Сестра перебирала многочисленные браслеты на своей левой кисти и, сидя, закинув ногу на ногу, тихо смеялась. В принципе, она всегда много смеялась.

- Когда не наступаешь на натертое место, оно не болит.
Но Кити все равно не видела, как он все портит.
- Иногда этих мест нет, - пожала плечами его сестра. Солнце отражало все оттенки вишневого цвета, которые только могло дать, на ее коже. Цвет к цвету.
- Ты знаешь, - сказал он, стянул шляпу со своей головы и всего лишь еще раз окатил всех окружающих ледниковой водой равнодушия. - Я иногда живу, существую, обитаю на этой красивой земле и вдруг понимаю, что душа моя - яблоко.
- Многие ее терпеть не могут? - Солнечные очки в стеклянной оправе упали на нос. Это был друг. -
Молодой человек поерзал в горячем от тела шезлонге.
- О, нет, знаешь, оно такое спелое, блестящее, свежее и упругое на вид с одной стороны. - Интонации его голоса посылали нам знаки "Идите вон, он давно говорит сам с собой". - Я в это тоже начинаю верить, но в миг бью себя по лицу и вспоминаю: там, тта-ам с другой стороны, которую никто не видит, пока не перевернет яблоко, есть пятнышко и оно в процессе. Уже гниет, черт бы его побрал! - Он замолк и медленно посмотрел на своего друга. - Вот и веселье твое тухлая груша.
Дамы засмеялись.
- А ведь груши я ненавижу больше всего!
*

На полу нашей тихой и прохладной, но солнечной комнаты можно найти много песка. Он приносится с пляжа, песчинками уходит в душ, но всё-таки все равно остается у кровати.
Кити лишилась красной помады и пудры, песка на ногах, мелких однодневных кудрей своих волос, - все это смыла вода, но вот поселившийся и безудержный интерес не вымыть из ее глаз ничем.
Забравшись в желтое кресло с тонкой сегодняшней газеткой и холодным кофе, она уставилась в черные буквы, но тут же заговорила вслух.

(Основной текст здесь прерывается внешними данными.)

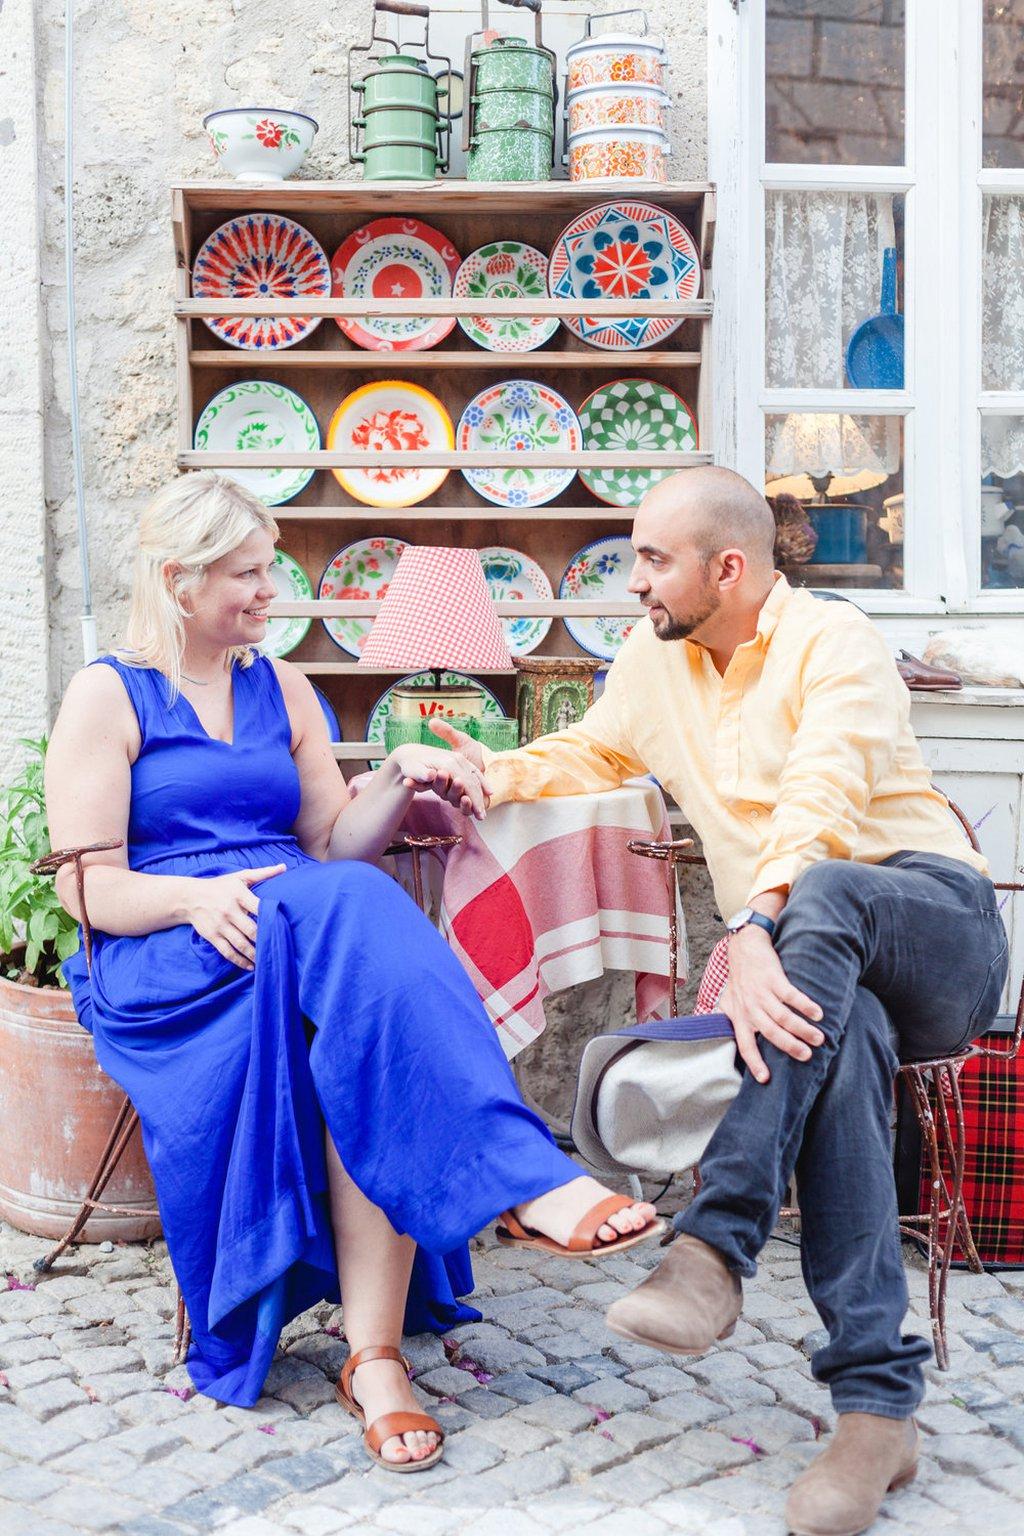 Murat S's Portfolio - Image 4

- Я не поеду домой одна. - Ее взгляд отрешен; наверняка вспоминает свою родную местность. - Я учусь чужим языкам и уж на своем родном меня невозможно обмануть. - Она легко отшвырнула газету и схватилась поправлять свои замотанные в платок волосы. - В них есть что-то особенное! А слышать надо каждому, что он говорит! В эти года многие только первую книжку в руки берут! Он мне нравится.
Солнце, услышав все это, ошалело и стремительно укатилось за горизонт из моря.

*
За такие огромные деньги никто не ходит на пляж поздним вечером. Поэтому, на остывающем песке у темных вод невозможно кого-то найти.
Все заведения угасают, шезлонги меркнут, небо будто бы с облегчением начинает приобретать неоплаченные краски ночного покрова, и море тоже шумит по-другому бесплатно.
Одиннадцать часов, бесплатный час.

- Кити, а я сразу Вас почувствовал. - Голос из темноты разорил умиротворенную обитель души Кити.
Она еще тяжелее начала идти по песку.
- И чем Вы здесь занимаетесь ночью? Неожиданно видеть кого бы то ни было здесь. - Кити уже позволила себе ожидать бесконечный звездопад ночных событий, но я-то заметила, как убито померкла последняя хиленькая звезда.
Кити подсела в соседний шезлонг.
- Чую обычных людей, вот что делаю. - Пожал он плечами. - И, знаете, обычно чую тех, кто мне не нужен, а вот того, кого ищу бесконечные столетия жизни - ну ни разу не унюхал!
Один.
Кити покрылась мурашками. Ей то ли холодно, то ли боязно.
- На то он и тот самый... - Голос твой, что стало с твоим жизнерадостным голосом?!
- Да, укачиваешь так нежно себя в колыбели надежд, но на самом деле и не замечаешь, как застекленел. Или окаменел, как всем угодно. - Выглядел он словно слепой, потому что ни разу за все свои слова не взглянул на мою Кити.
Два.
- Где Вы так научились говорить?
- В этой самой колыбели. - Тихо. - Наверное. Я глубоко убежден, что человек рождается с делом.
Море совсем притихло, будто бы заставляя Кити не отвлекаться ни на что, кроме звучащих слов.
- А, Вы не поняли. - засмеялся он после того, как Кити так ничего и не сказала. - Ну, музыкант рождается с инструментом, пекарь с фирменным рецептом, извозчик с неисчерпаемой тоской, а Я вот - со словом.
Все притихли, вслушиваясь.
- А с чем, по-Вашему, родилась я? - Я знаю, зачем она это сказала.
Но глаза ни на миг не дрогнули.
- С языком.
Три.

И после этих "три" Кити ночь не спала, утром кофе не тронула и потом доброго слова никому не подарила.


*
- И встречала я сволочей, лицемеров, подонков и просто неудачников! И сразу их видела, все внутренности насквозь, словно под стеклом! Но а этот!
И я не понимаю, почему ты так кружишь вокруг него. Общение общением, но не до белого же платья.
- С ситцем хочу. - Ее лицо исказилось, а глаза покраснели.
Какие глупости, какой ситец, что мы вообще тут делаем!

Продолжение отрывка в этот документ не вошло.